Арест. "Имя им легион"
Без горечи жизнь вообще была бы непереносима
Прошел почти час. За это время Владимир выпил еще кофе. Выкурил ни одну сигарету. Ждал, вернее, делал вид, что ждет, когда за ним приедут. Из кабинета Николая Николаевича не выходил. Тому дважды уже звонили. Из его коротких ответов и поведения Владимир прекрасно понимал, что те, которые находятся где-то там, за дверями, тоже нервничают. Не зря сидел в приемной тот широкоплечий, который выйдет следом за ним сразу, как он покинет этот кабинет. В этом Владимир был уверен.
"Ну что, сиди, не сиди, а надо и честь знать. Как говорится, раньше сядешь, раньше выйдешь. Пора заканчивать это представление, – поднимаясь со стула, решил Владимир. – Пора".
Не буду Вас задерживать, Николай Николаевич, поеду. Уже почти пять часов вечера, никто не приехал. Доеду сам. Никто не знает, что у меня такие деньги, думаю, все обойдется.

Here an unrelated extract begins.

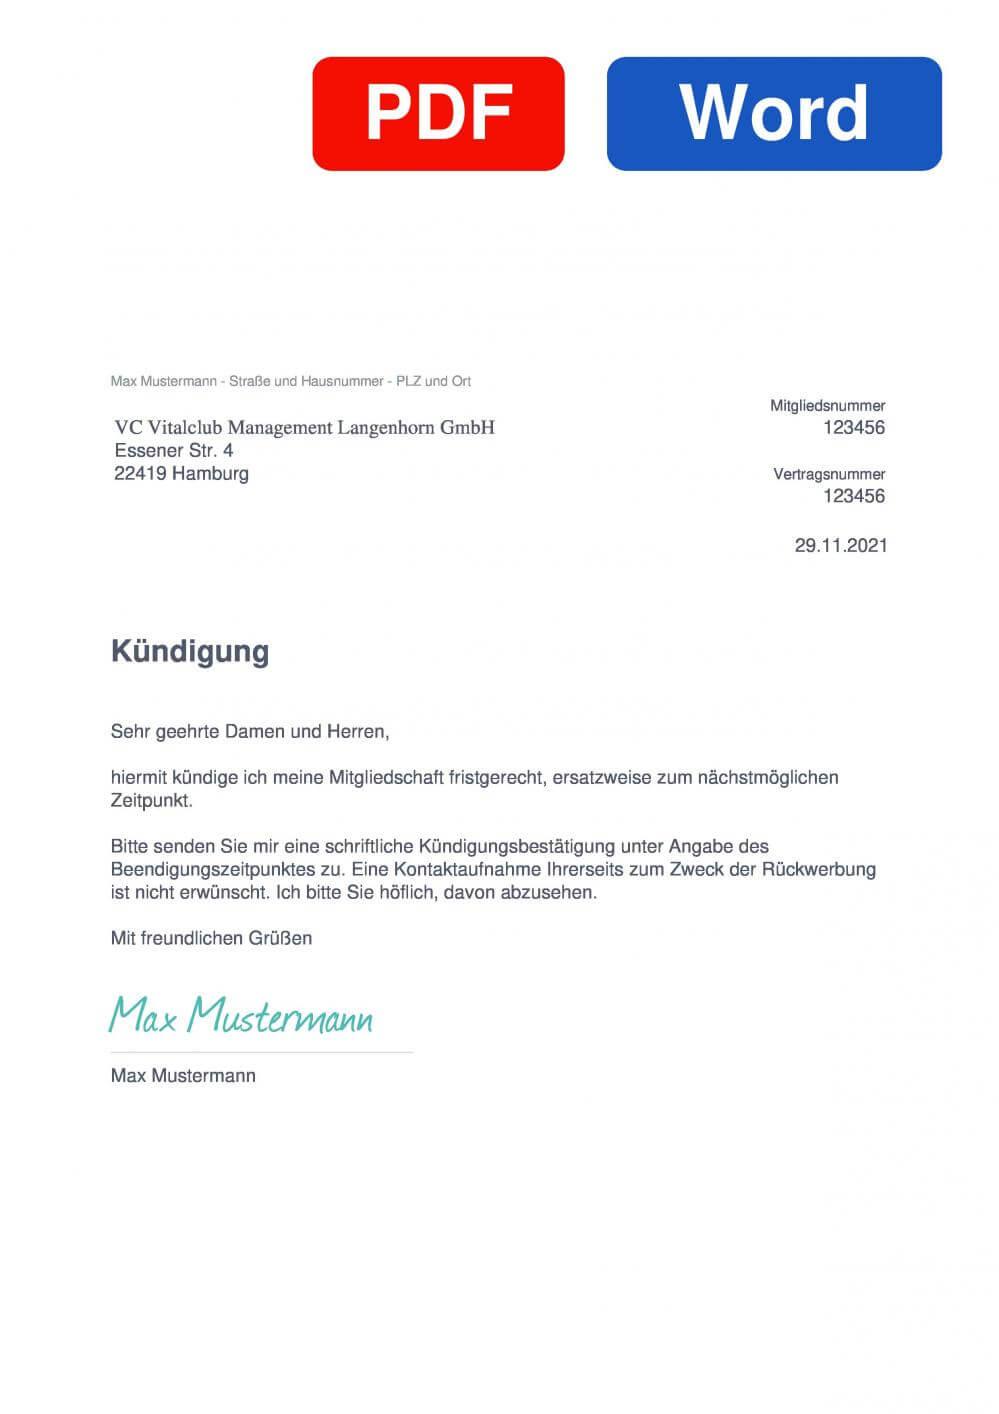 ELIXIA Hamburg Muster Vorlage für Kündigungsschreiben
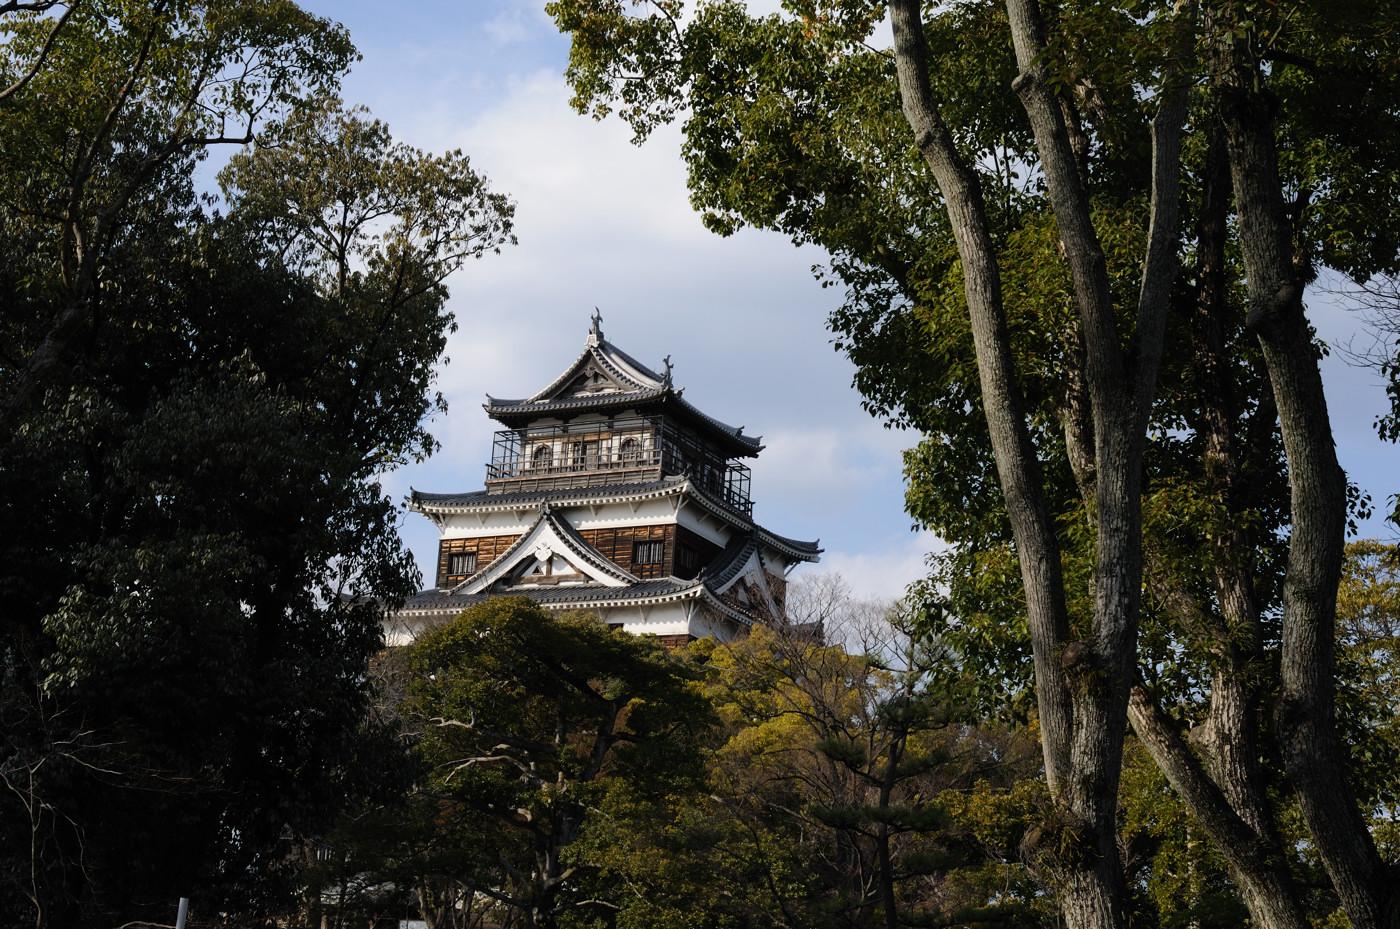 広島城の天守閣を標準で

Может, подождете еще, мало ли… – не уверенно, но как-то облегченно ответил президент банка.
Нет. Мне пора. До свидания.
Взяв свой портфель, стоящий на подоконнике, не забыв при этом переставить пепельницу со своими окурками на президентский стол, вышел из кабинета. Причем ставя пепельницу, Владимир крепко так пригвоздил ее, как печать поставил. С обворожительной улыбкой, в упор посмотрев в лицо Николая Николаевича, твердо и громко, как мог говорить только бог войны Вотан, произнес:
– До встречи, Николай Николаевич. Напомню Вам, что законы справедливости не спять, они только дремлют и тайное скоро непременно станет явным. Потому что кулон, которой уже призвал к вам беды, начал проявлять свою роковую силу. Пока не поздно, остановитесь на краю бездны. "Ибо бездну призвавший, будет этой бездной поглощен" – не сказал, а словно отрезал Владимир.